■ What you have to do
Reproduce each entry below exactly as it appears.
[Input]
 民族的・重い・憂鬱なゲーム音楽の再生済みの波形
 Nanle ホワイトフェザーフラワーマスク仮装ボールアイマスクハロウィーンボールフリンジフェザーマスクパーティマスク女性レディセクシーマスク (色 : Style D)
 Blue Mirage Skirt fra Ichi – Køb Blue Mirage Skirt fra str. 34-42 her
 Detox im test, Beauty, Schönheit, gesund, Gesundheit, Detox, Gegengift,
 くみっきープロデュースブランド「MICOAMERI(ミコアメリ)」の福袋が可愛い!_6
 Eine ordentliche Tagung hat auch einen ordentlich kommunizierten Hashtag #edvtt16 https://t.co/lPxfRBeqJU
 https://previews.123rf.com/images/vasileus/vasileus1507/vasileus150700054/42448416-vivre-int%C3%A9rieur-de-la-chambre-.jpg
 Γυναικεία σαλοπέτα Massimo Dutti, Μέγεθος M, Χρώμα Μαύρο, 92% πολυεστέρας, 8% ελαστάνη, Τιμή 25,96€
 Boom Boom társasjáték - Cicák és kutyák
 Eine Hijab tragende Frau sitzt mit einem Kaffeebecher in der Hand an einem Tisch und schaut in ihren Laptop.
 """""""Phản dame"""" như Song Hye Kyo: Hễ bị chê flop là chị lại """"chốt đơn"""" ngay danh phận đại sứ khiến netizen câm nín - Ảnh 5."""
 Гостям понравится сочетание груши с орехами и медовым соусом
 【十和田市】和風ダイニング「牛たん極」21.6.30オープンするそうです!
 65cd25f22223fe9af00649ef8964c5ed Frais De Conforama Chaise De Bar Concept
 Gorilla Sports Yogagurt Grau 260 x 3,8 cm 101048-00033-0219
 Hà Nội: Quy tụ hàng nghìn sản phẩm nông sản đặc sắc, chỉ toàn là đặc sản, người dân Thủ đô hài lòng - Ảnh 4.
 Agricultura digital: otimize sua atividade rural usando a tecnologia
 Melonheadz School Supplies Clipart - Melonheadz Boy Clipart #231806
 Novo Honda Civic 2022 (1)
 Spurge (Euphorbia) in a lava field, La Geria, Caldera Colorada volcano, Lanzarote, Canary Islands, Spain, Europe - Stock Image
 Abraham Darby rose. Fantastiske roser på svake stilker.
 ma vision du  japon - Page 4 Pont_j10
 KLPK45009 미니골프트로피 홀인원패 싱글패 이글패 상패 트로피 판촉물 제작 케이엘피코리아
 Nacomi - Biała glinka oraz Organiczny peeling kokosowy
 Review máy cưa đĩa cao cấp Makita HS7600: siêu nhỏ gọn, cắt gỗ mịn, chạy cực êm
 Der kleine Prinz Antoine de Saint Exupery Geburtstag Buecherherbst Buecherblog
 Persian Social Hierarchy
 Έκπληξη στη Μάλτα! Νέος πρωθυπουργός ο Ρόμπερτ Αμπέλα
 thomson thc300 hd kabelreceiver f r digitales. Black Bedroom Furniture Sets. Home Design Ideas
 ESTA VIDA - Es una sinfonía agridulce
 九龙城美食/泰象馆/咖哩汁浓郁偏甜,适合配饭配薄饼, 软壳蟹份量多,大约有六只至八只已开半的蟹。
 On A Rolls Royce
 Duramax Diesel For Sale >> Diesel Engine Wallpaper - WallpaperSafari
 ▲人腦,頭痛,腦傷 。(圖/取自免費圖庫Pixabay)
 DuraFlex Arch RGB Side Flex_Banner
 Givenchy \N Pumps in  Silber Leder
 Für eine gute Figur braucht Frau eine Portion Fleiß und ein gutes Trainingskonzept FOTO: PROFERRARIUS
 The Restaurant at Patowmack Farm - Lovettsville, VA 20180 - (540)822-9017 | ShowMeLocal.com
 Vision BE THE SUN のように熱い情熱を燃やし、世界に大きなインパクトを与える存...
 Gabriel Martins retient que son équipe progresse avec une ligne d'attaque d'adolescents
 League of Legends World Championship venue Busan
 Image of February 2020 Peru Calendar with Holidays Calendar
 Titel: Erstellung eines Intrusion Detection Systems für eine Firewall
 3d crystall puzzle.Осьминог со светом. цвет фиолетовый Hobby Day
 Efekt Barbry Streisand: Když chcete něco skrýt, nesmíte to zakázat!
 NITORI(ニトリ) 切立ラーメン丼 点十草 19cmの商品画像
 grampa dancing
[/Input]
■ Exercise result
 民族的・重い・憂鬱なゲーム音楽の再生済みの波形
 Nanle ホワイトフェザーフラワーマスク仮装ボールアイマスクハロウィーンボールフリンジフェザーマスクパーティマスク女性レディセクシーマスク (色 : Style D)
 Blue Mirage Skirt fra Ichi – Køb Blue Mirage Skirt fra str. 34-42 her
 Detox im test, Beauty, Schönheit, gesund, Gesundheit, Detox, Gegengift,
 くみっきープロデュースブランド「MICOAMERI(ミコアメリ)」の福袋が可愛い!_6
 Eine ordentliche Tagung hat auch einen ordentlich kommunizierten Hashtag #edvtt16 https://t.co/lPxfRBeqJU
 https://previews.123rf.com/images/vasileus/vasileus1507/vasileus150700054/42448416-vivre-int%C3%A9rieur-de-la-chambre-.jpg
 Γυναικεία σαλοπέτα Massimo Dutti, Μέγεθος M, Χρώμα Μαύρο, 92% πολυεστέρας, 8% ελαστάνη, Τιμή 25,96€
 Boom Boom társasjáték - Cicák és kutyák
 Eine Hijab tragende Frau sitzt mit einem Kaffeebecher in der Hand an einem Tisch und schaut in ihren Laptop.
 """""""Phản dame"""" như Song Hye Kyo: Hễ bị chê flop là chị lại """"chốt đơn"""" ngay danh phận đại sứ khiến netizen câm nín - Ảnh 5."""
 Гостям понравится сочетание груши с орехами и медовым соусом
 【十和田市】和風ダイニング「牛たん極」21.6.30オープンするそうです!
 65cd25f22223fe9af00649ef8964c5ed Frais De Conforama Chaise De Bar Concept
 Gorilla Sports Yogagurt Grau 260 x 3,8 cm 101048-00033-0219
 Hà Nội: Quy tụ hàng nghìn sản phẩm nông sản đặc sắc, chỉ toàn là đặc sản, người dân Thủ đô hài lòng - Ảnh 4.
 Agricultura digital: otimize sua atividade rural usando a tecnologia
 Melonheadz School Supplies Clipart - Melonheadz Boy Clipart #231806
 Novo Honda Civic 2022 (1)
 Spurge (Euphorbia) in a lava field, La Geria, Caldera Colorada volcano, Lanzarote, Canary Islands, Spain, Europe - Stock Image
 Abraham Darby rose. Fantastiske roser på svake stilker.
 ma vision du  japon - Page 4 Pont_j10
 KLPK45009 미니골프트로피 홀인원패 싱글패 이글패 상패 트로피 판촉물 제작 케이엘피코리아
 Nacomi - Biała glinka oraz Organiczny peeling kokosowy
 Review máy cưa đĩa cao cấp Makita HS7600: siêu nhỏ gọn, cắt gỗ mịn, chạy cực êm
 Der kleine Prinz Antoine de Saint Exupery Geburtstag Buecherherbst Buecherblog
 Persian Social Hierarchy
 Έκπληξη στη Μάλτα! Νέος πρωθυπουργός ο Ρόμπερτ Αμπέλα
 thomson thc300 hd kabelreceiver f r digitales. Black Bedroom Furniture Sets. Home Design Ideas
 ESTA VIDA - Es una sinfonía agridulce
 九龙城美食/泰象馆/咖哩汁浓郁偏甜,适合配饭配薄饼, 软壳蟹份量多,大约有六只至八只已开半的蟹。
 On A Rolls Royce
 Duramax Diesel For Sale >> Diesel Engine Wallpaper - WallpaperSafari
 ▲人腦,頭痛,腦傷 。(圖/取自免費圖庫Pixabay)
 DuraFlex Arch RGB Side Flex_Banner
 Givenchy \N Pumps in  Silber Leder
 Für eine gute Figur braucht Frau eine Portion Fleiß und ein gutes Trainingskonzept FOTO: PROFERRARIUS
 The Restaurant at Patowmack Farm - Lovettsville, VA 20180 - (540)822-9017 | ShowMeLocal.com
 Vision BE THE SUN のように熱い情熱を燃やし、世界に大きなインパクトを与える存...
 Gabriel Martins retient que son équipe progresse avec une ligne d'attaque d'adolescents
 League of Legends World Championship venue Busan
 Image of February 2020 Peru Calendar with Holidays Calendar
 Titel: Erstellung eines Intrusion Detection Systems für eine Firewall
 3d crystall puzzle.Осьминог со светом. цвет фиолетовый Hobby Day
 Efekt Barbry Streisand: Když chcete něco skrýt, nesmíte to zakázat!
 NITORI(ニトリ) 切立ラーメン丼 点十草 19cmの商品画像
 grampa dancing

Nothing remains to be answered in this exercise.